■ **RECORD SET**:
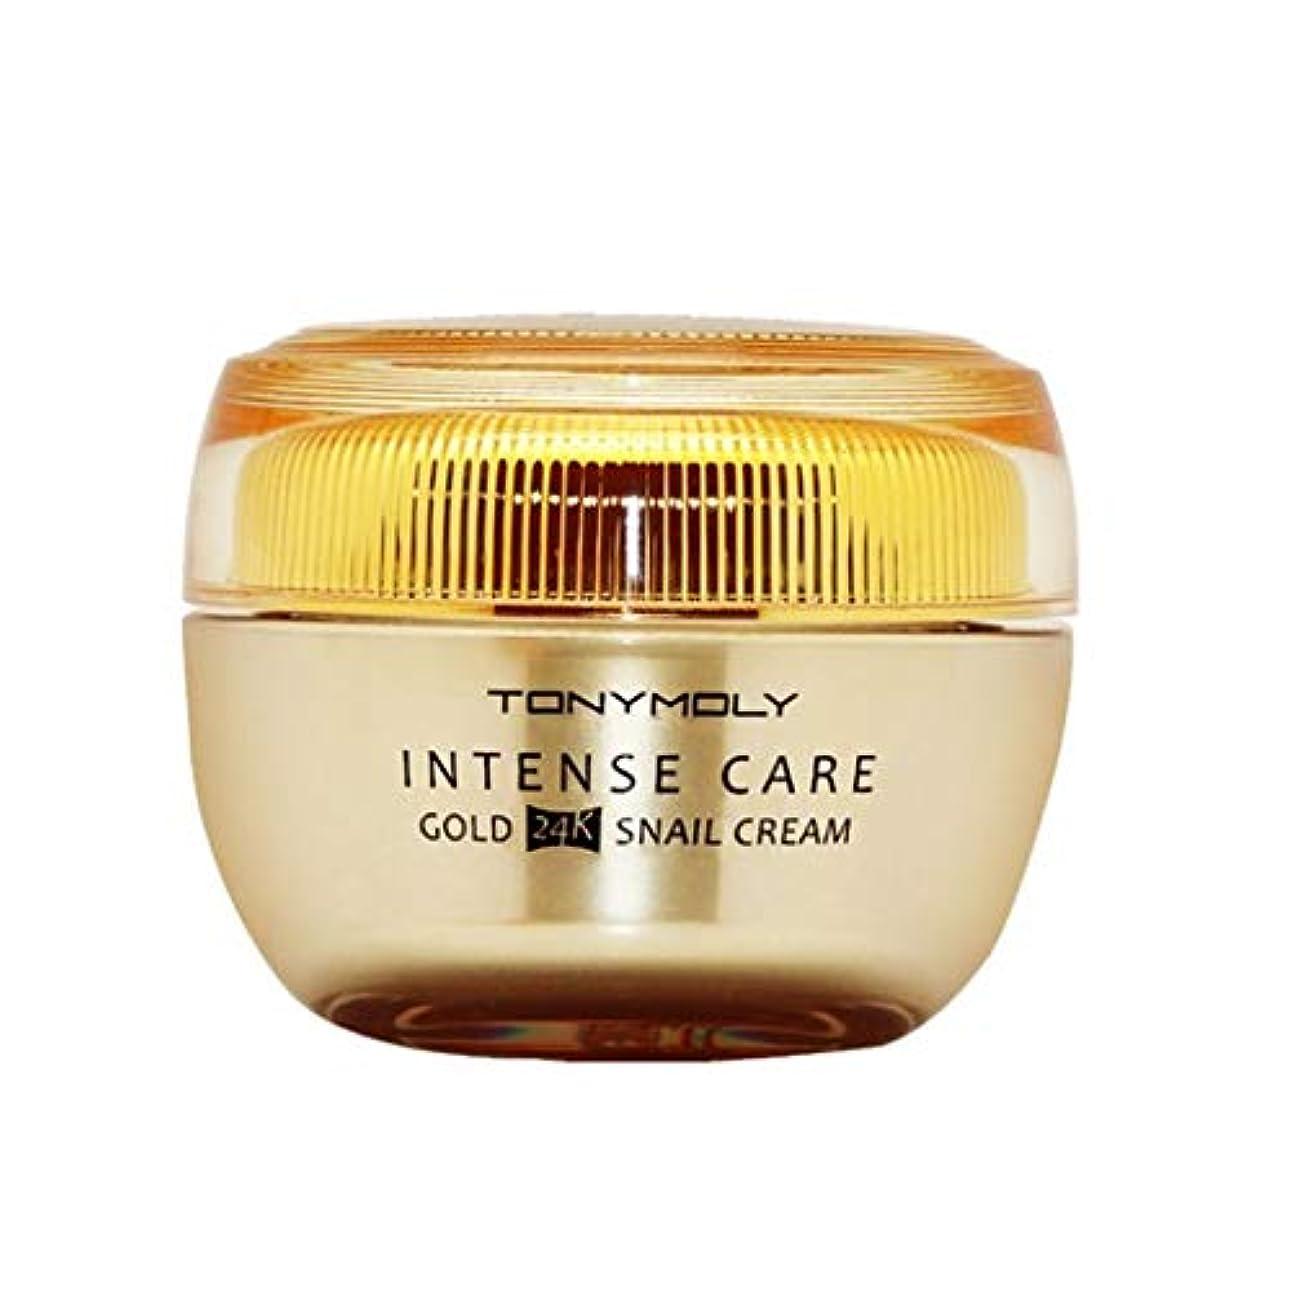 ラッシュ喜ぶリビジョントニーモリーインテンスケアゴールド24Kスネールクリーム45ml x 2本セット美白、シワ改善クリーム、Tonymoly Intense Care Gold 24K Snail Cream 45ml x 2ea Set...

--

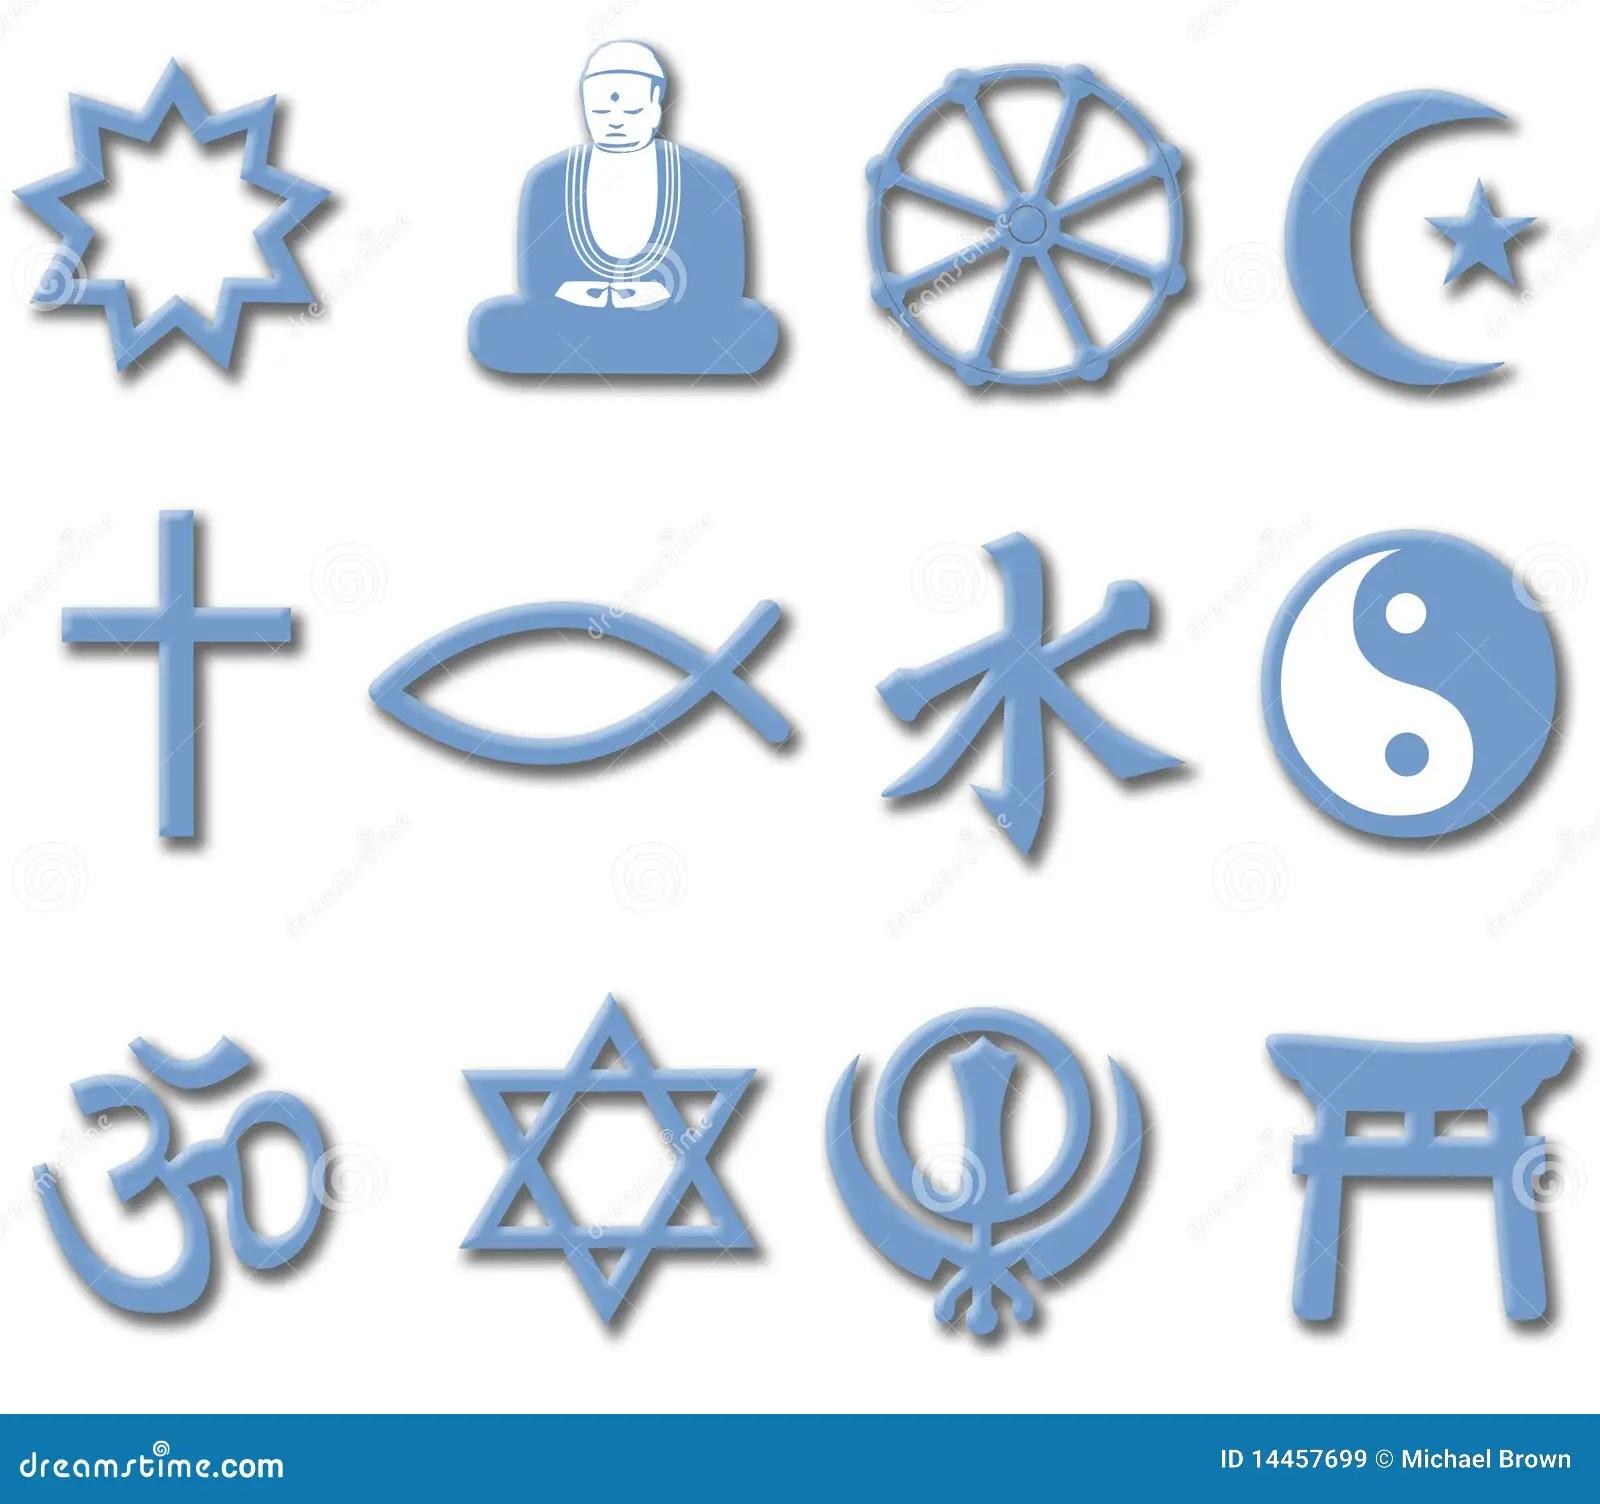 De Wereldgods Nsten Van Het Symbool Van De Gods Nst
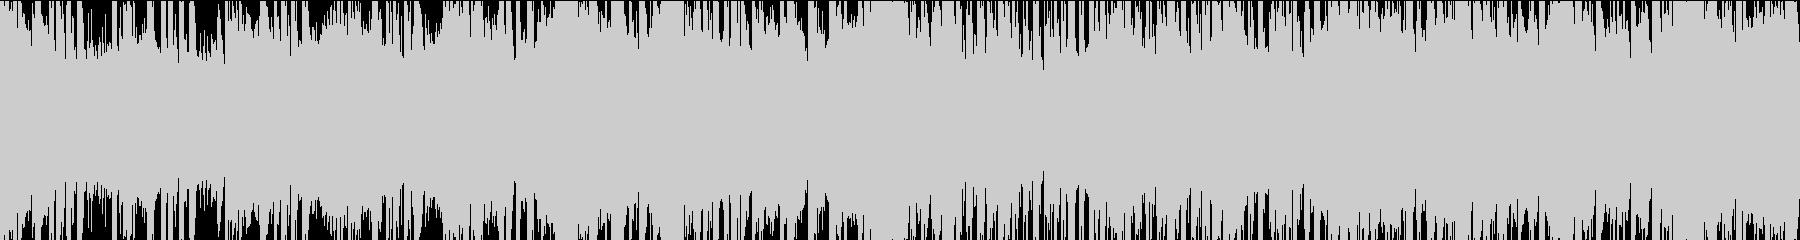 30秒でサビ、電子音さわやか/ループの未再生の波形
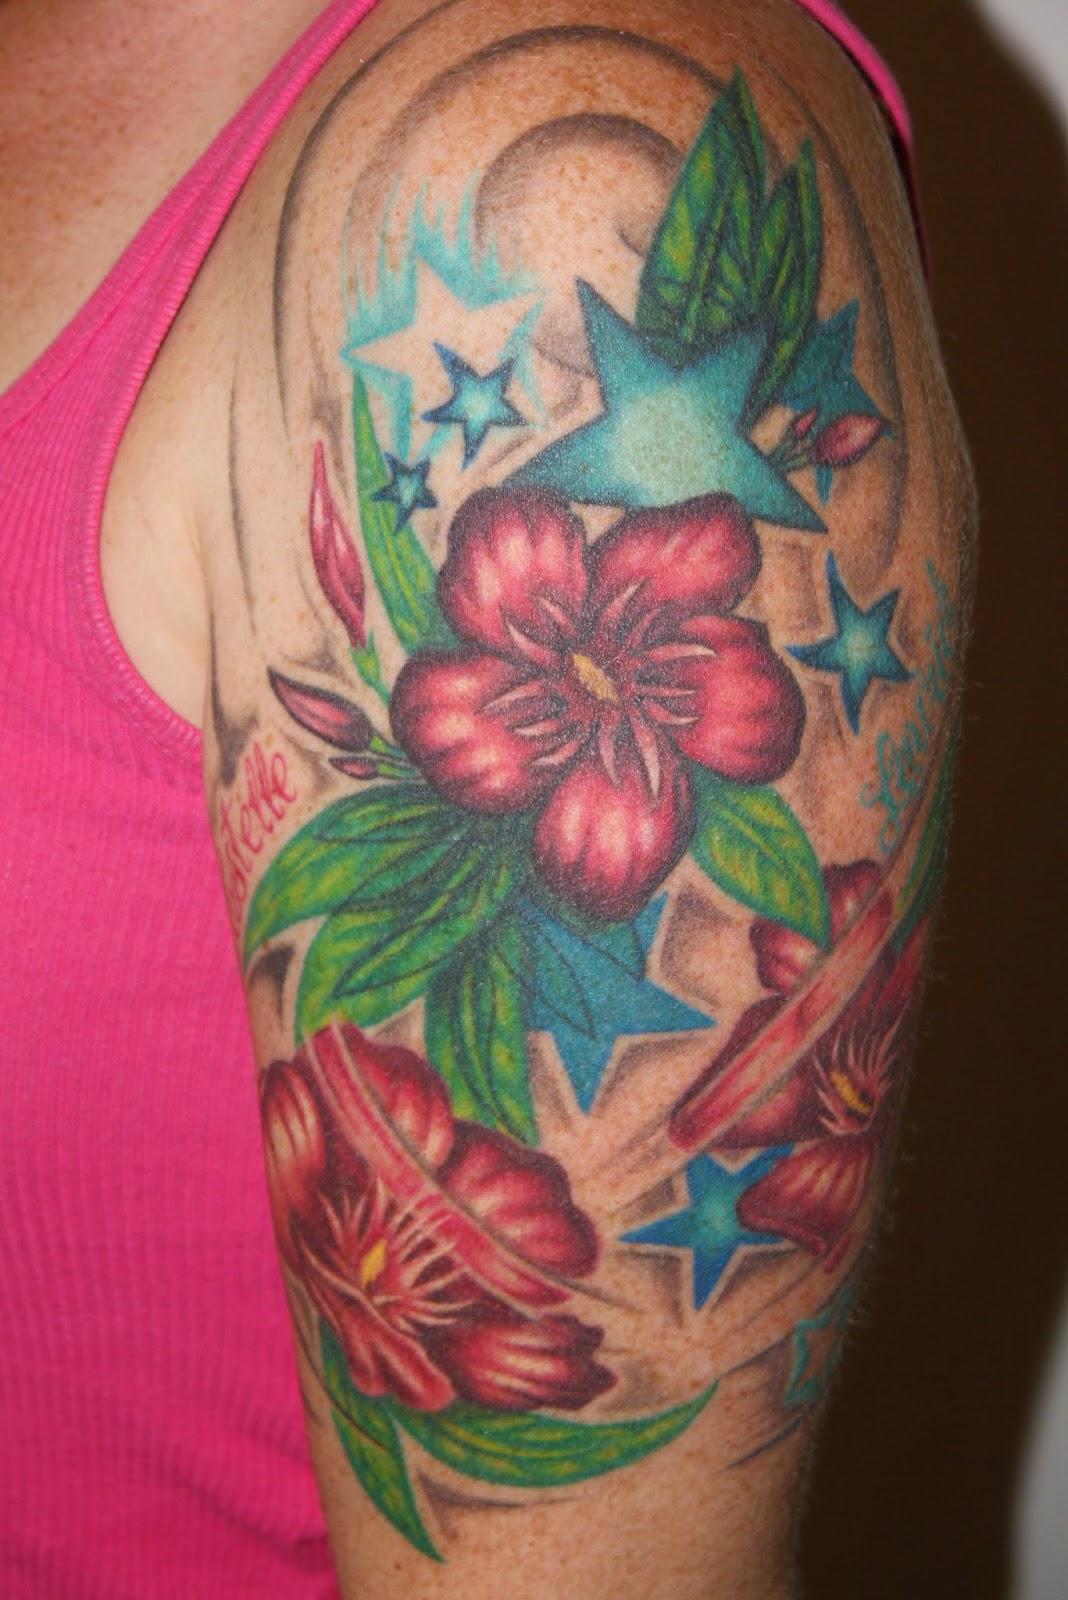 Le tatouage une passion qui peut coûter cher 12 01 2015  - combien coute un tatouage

■ **WHAT IS EXPECTED**: "30秒でサビ、電子音さわやか/ループの未再生の波形" marks the first line to copy, and "Le tatouage une" marks the last. Repeat that stretch above exactly, with no pictures.

■ **COMPLETED EXERCISE**:
 30秒でサビ、電子音さわやか/ループの未再生の波形
 Le tatouage une passion qui peut coûter cher 12 01 2015  - combien coute un tatouage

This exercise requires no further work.